If you’re someone wants to explain variation in effect size, I think these results should worry you. In a typical ecological meta-analysis, something like 50% of the variance in effect size is variance among effect sizes within studies. Sources of within-study variation are going to be difficult or impossible to identify! Many of the usual moderator variables aren’t going to help, because they don’t vary within studies.
These results make me wonder how much distributed experiments like NutNet cut down on heterogeneity. One reason to conduct a distributed experiment is to eliminate some sources of heterogeneity in effect size.* Investigators at many different locations all perform the same experiment, at the same time, using the same methods, on organisms that are sufficiently similar to one another in various ways (body size, behavior, etc.) that one can study them all using the same methods. But of course, “same experiment,” “same time”, “same methods”, and “sufficiently similar organisms” all apply to pretty much every primary study in ecology. Apparently, all that sameness within a given primary study still leaves considerable scope for heterogeneity among the effect sizes reported by that study. So I think it’d be really interesting to quantify how much heterogeneity there is among effect sizes in a single distributed experiment like NutNet, as compared to heterogeneity among effect sizes in a meta-analysis of a bunch of primary studies.

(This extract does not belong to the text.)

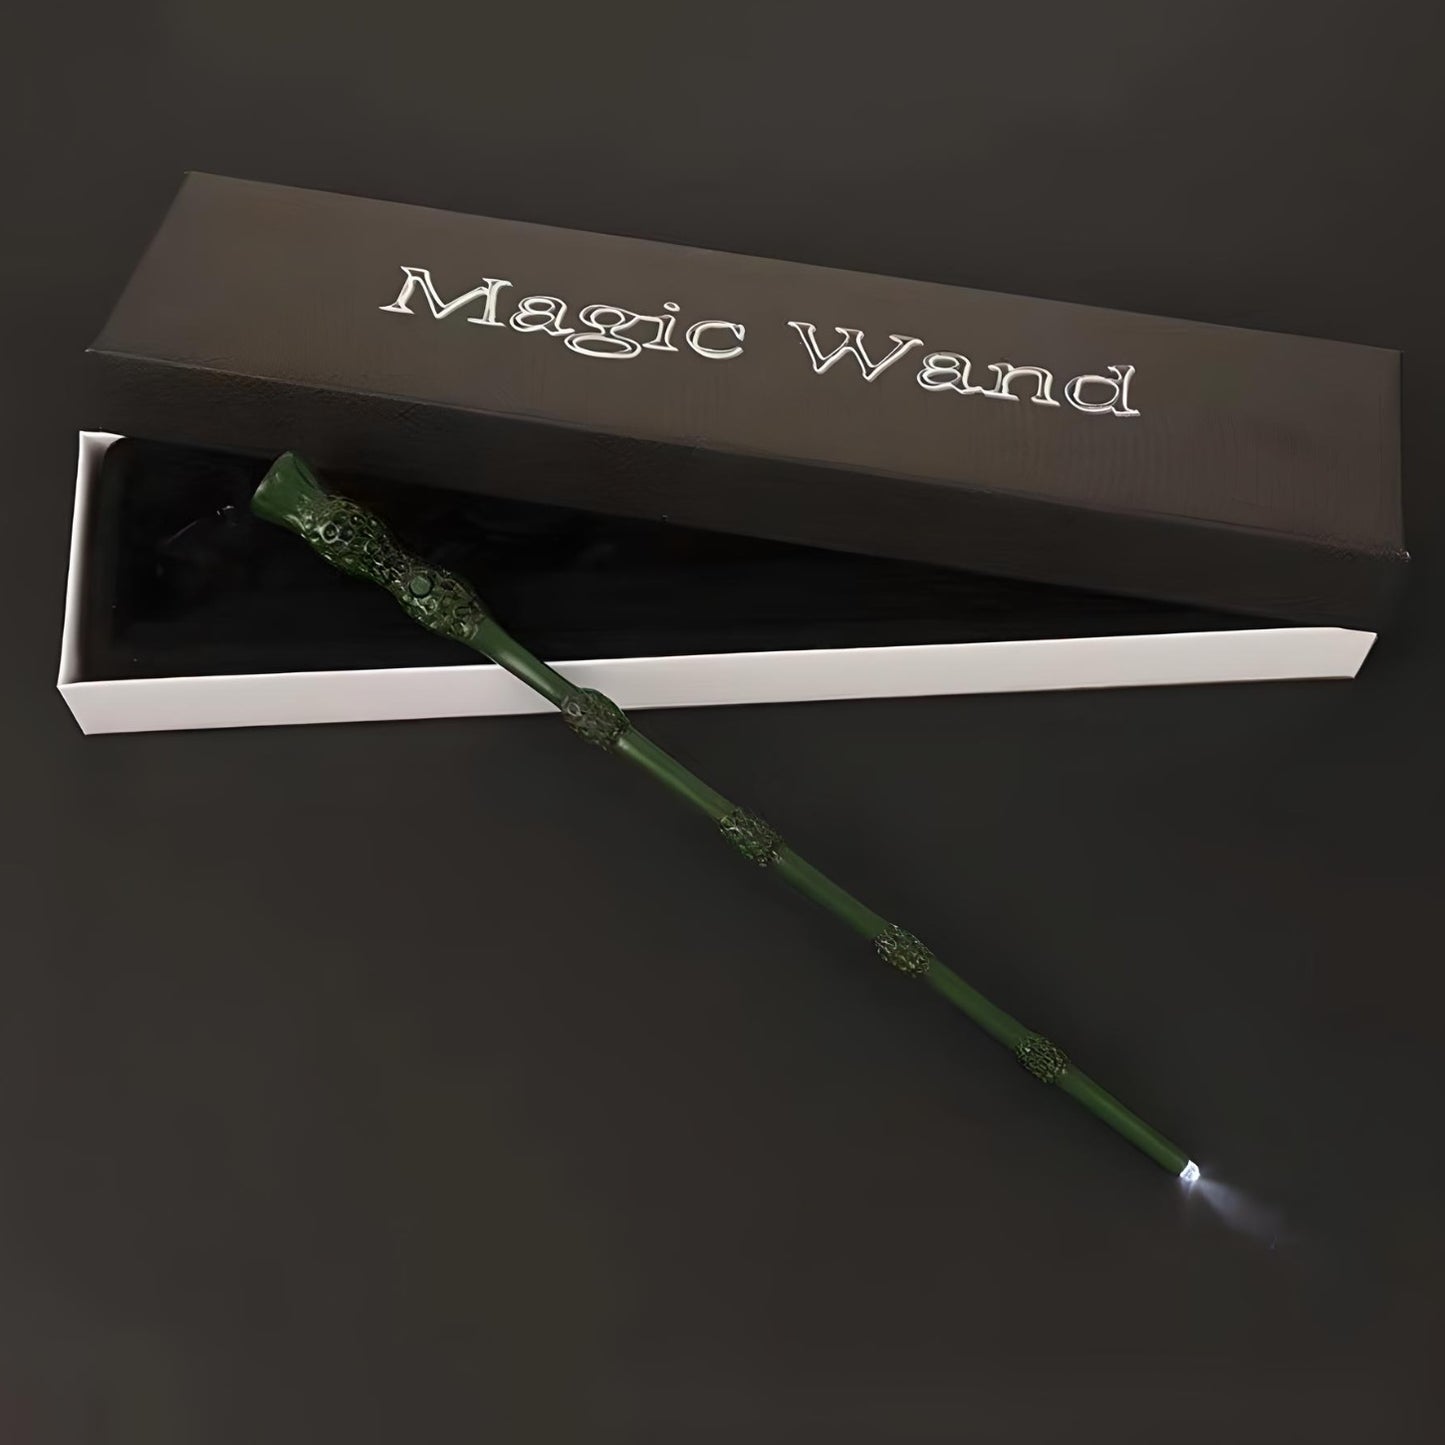 Light Up Wizard Spell Wand - Dumbledore

UPDATE: see the comments, where a commenter makes a very good point that in retrospect I probably should’ve made in the post: these estimates of within- and among-study heterogeneity are just that, estimates. They have error bars–quite possibly big ones. See the comments for discussion of this and its implications for the points made in the post. /end update
p.s. I’ve made the points in this post before. But I haven’t shown the graphs before, so I decided to give them a standalone post.
*There are of course other reasons to do distributed experiments. Follow that last link for a great interview with NutNet co-founder Elizabeth Borer, addressing this point and much more.